Previous Pentax compacts have usually been quite square and box-like, but the P70 has rounded ends and is extremely slim, measuring just 21.5mm at its thickest point, so it slips easily into any shirt pocket. The controls are relatively large and sensibly arranged, but unfortunately the shape does make it quite difficult to grip the camera securely, especially if your hands are a bit slippery.
The P70 is primarily a point-and-shoot snapshot camera, but it does have one or two interesting features. The zoom range is unusual, extending from 27.5mm to 110mm, a good spread for typical snapshot photography. The lens is also quite fast, with a maximum aperture of f/2.6 at wide angle, and a decent speed even further up the zoom range.
The P70 has a video mode capable of 1280 x 720 pixels, but it can only manage 15 frames per second at this resolution. It can shoot at 30fps at 640 x 480 pixels, with mono audio, but in neither setting can the optical zoom be used.
Another advanced feature is the face detection system, which is certainly better than average. It can recognise faces even in quite low light, or when the face isn’t pointing straight at the camera. It’s not 100% reliable, but then such systems seldom are.

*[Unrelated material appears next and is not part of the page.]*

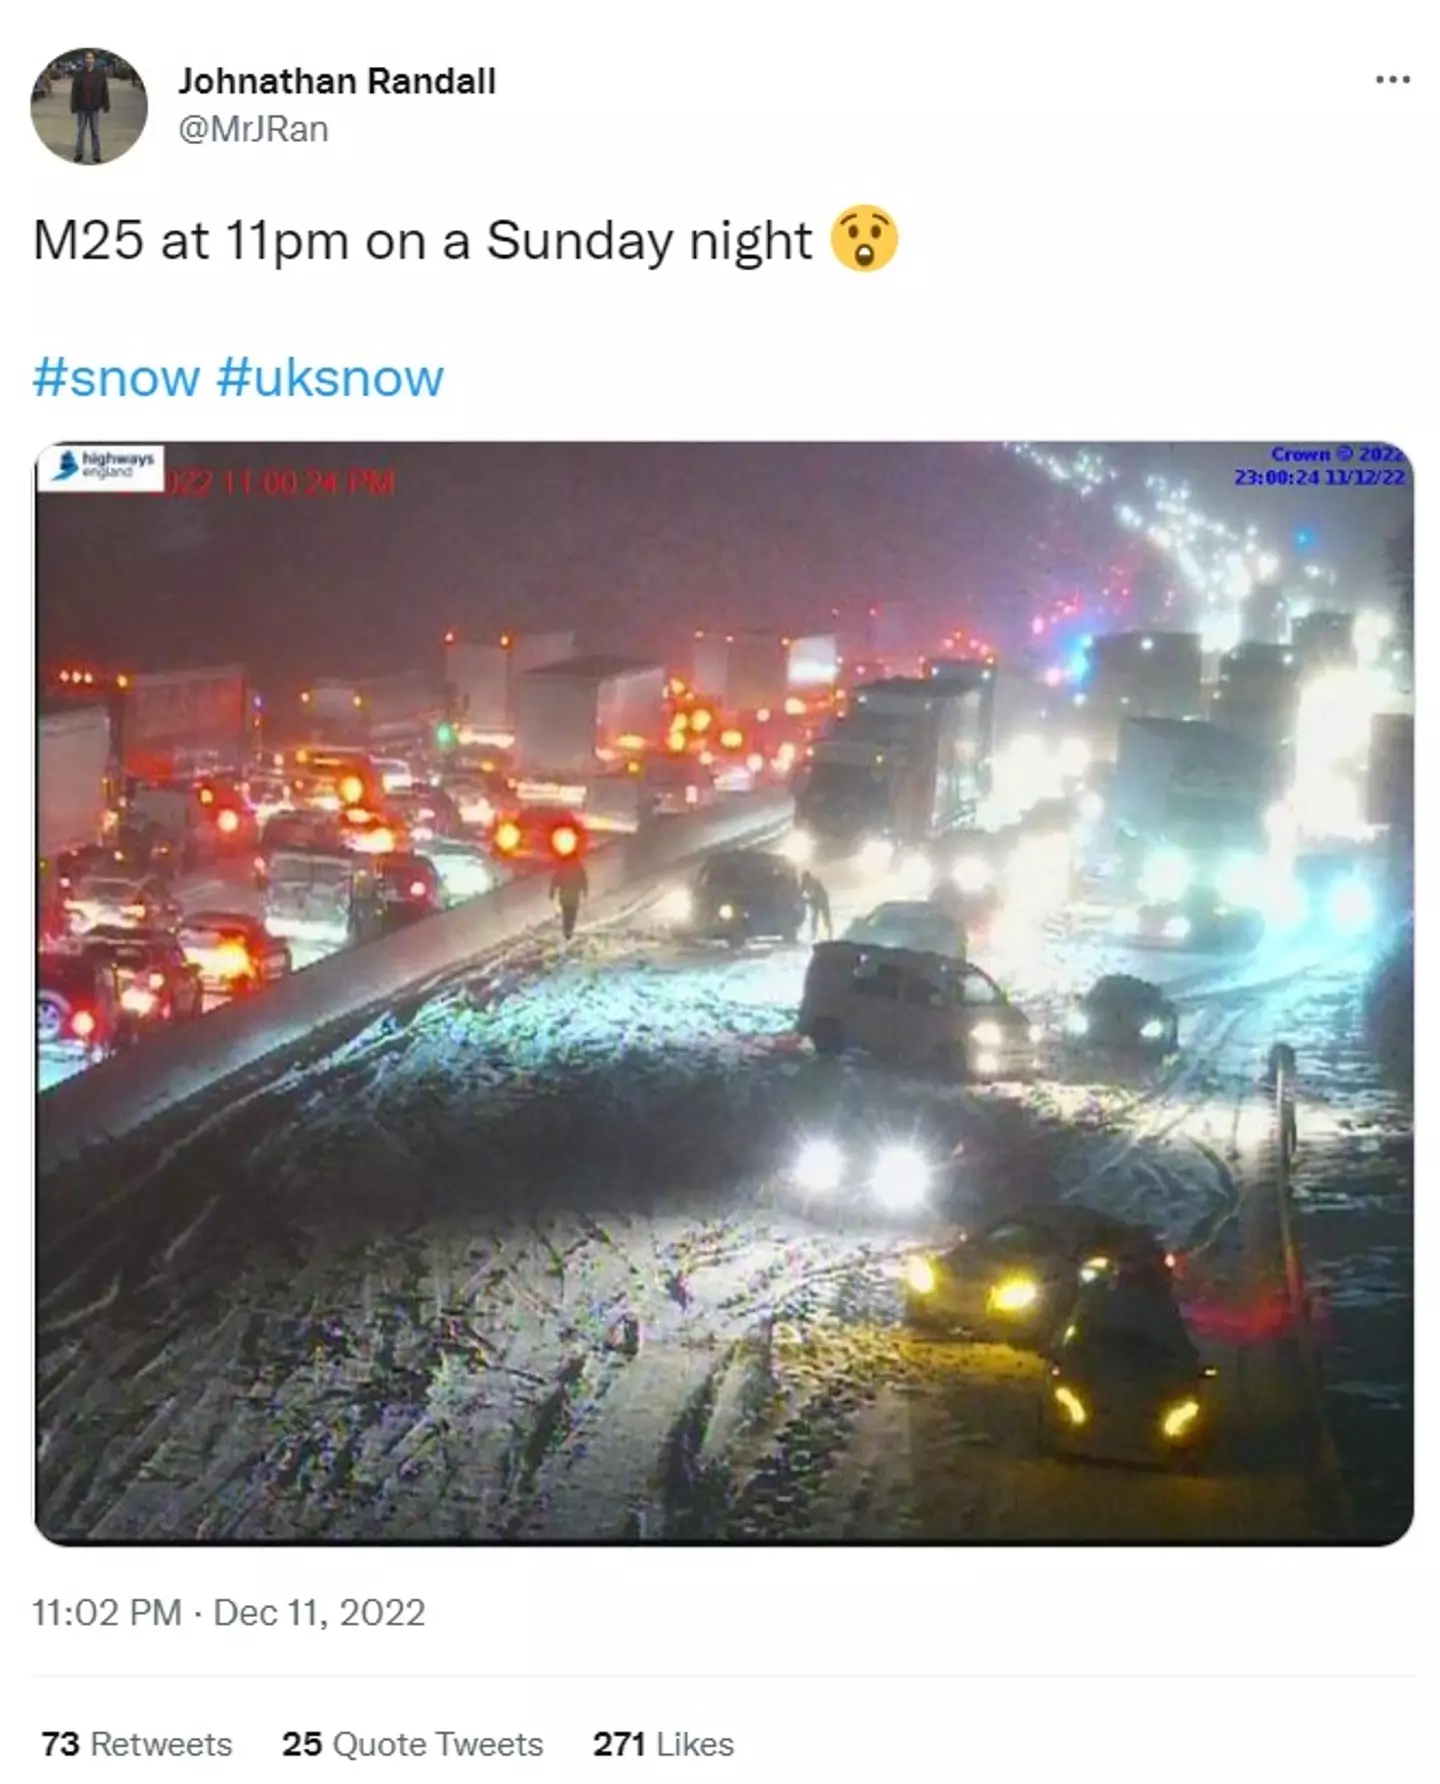 Motorists were stuck on the M25 with their vehicles trapped by the snowy conditions.

One interesting feature is the enticingly named Pixel Track SR, which is a digital image stabilisation system that attempts to correct blur caused by camera shake at slow shutter speeds. It is quite effective, adding about two stops of extra low-speed stability, but it does dramatically increase the shot-to-shot time, which isn’t massively quick to start with.
The camera’s performance is good in parts. It starts up in approximately 2.25, and takes nearly 3.0 seconds to shut down again, which is rather slow by recent standards. Shot-to-shot time at the highest quality setting under ideal circumstances is approximately 4.5 seconds, which is very slow, but if the Pixel Track SR feature is active it can take much longer, up to 12 seconds.
This camera desperately needs a faster processor. Despite this slow performance the autofocus system is very good, focusing quickly and accurately even in low light, although without an AF assist lamp there is a limit to how far it can go.
Image quality is safely above average for its class. The lens performs well, with minimal distortion or chromatic aberration, good edge-to-edge sharpness and plenty of fine detail. As usual there’s no decisive advantage over a 10MP camera, and dynamic range is distinctly limited, but at least image noise is well handled. It produces good results at up to 800 ISO, and even 1600 ISO produces printable results.
The P70 has some good points; it looks great, has good build quality, is easy to use, and the zoom range is ideal for snapshots. Overall image quality is also good, but the slow performance is a serious handicap.